-------- AVAILABLE DATA --------

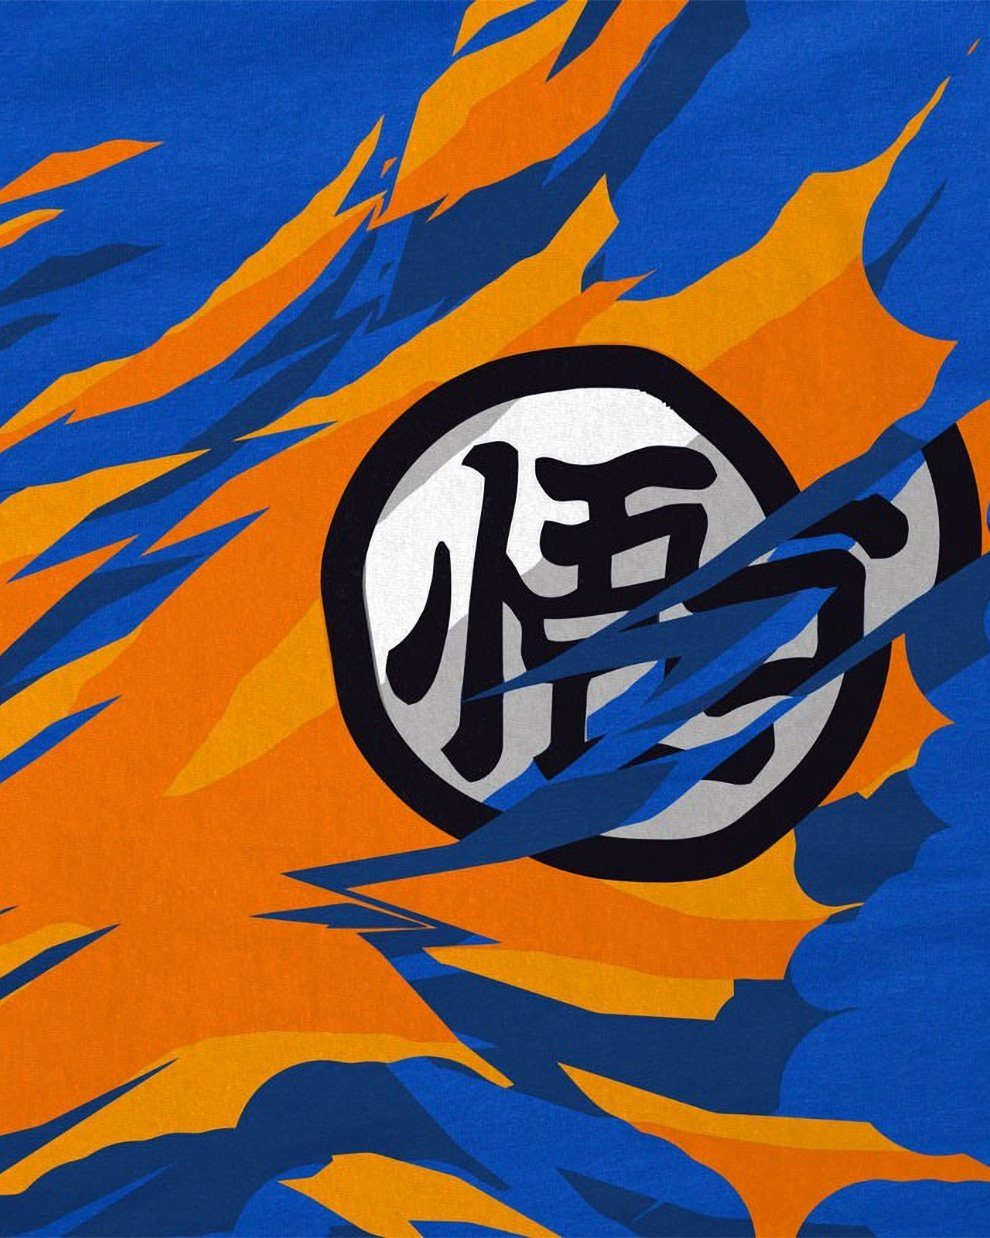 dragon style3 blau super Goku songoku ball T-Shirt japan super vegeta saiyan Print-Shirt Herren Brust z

--------
-------- AVAILABLE DATA --------

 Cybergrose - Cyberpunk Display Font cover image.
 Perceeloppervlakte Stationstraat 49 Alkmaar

--------
-------- AVAILABLE DATA --------

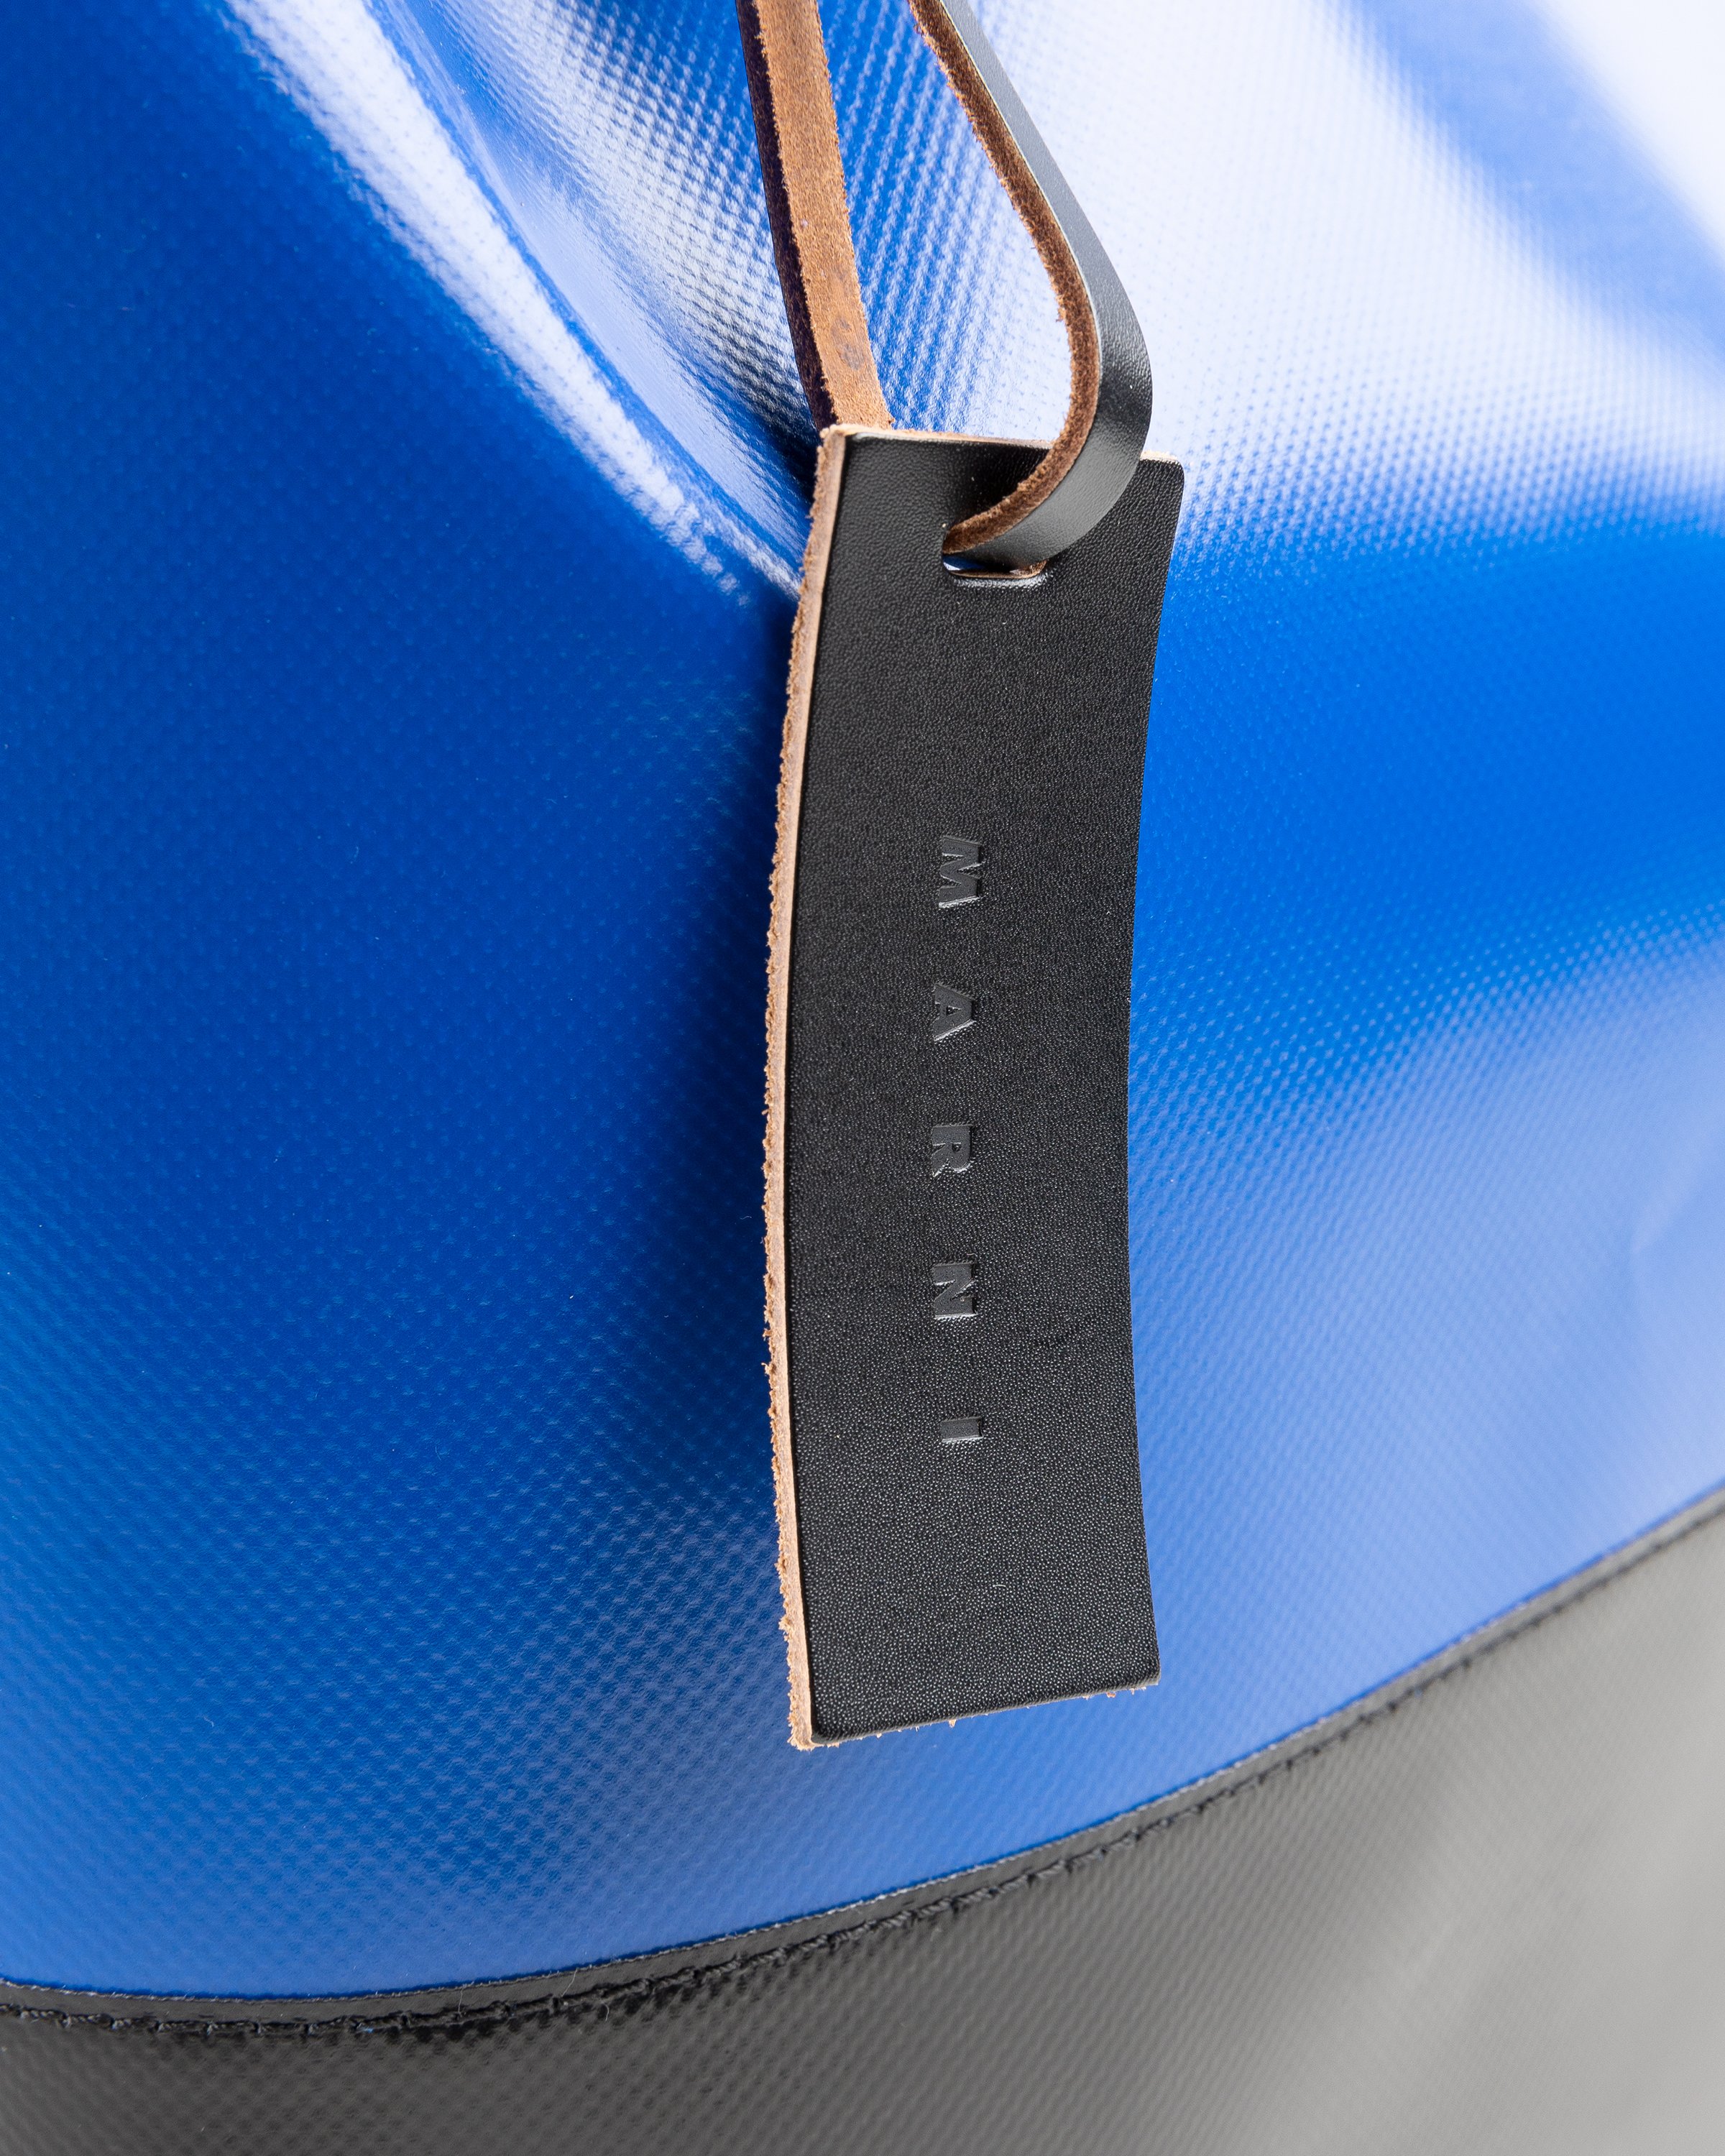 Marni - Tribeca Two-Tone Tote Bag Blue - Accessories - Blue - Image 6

--------

§ **TASK TO CARRY OUT**: The entries above hold the needed span. Transcribe exactly the lines from the one with "Cybergrose - Cyberpunk" to the one with "Perceeloppervlakte Stationstraat 49 Alkmaar", both included.

§ **TASK RESPONSE**:
 Cybergrose - Cyberpunk Display Font cover image.
 Perceeloppervlakte Stationstraat 49 Alkmaar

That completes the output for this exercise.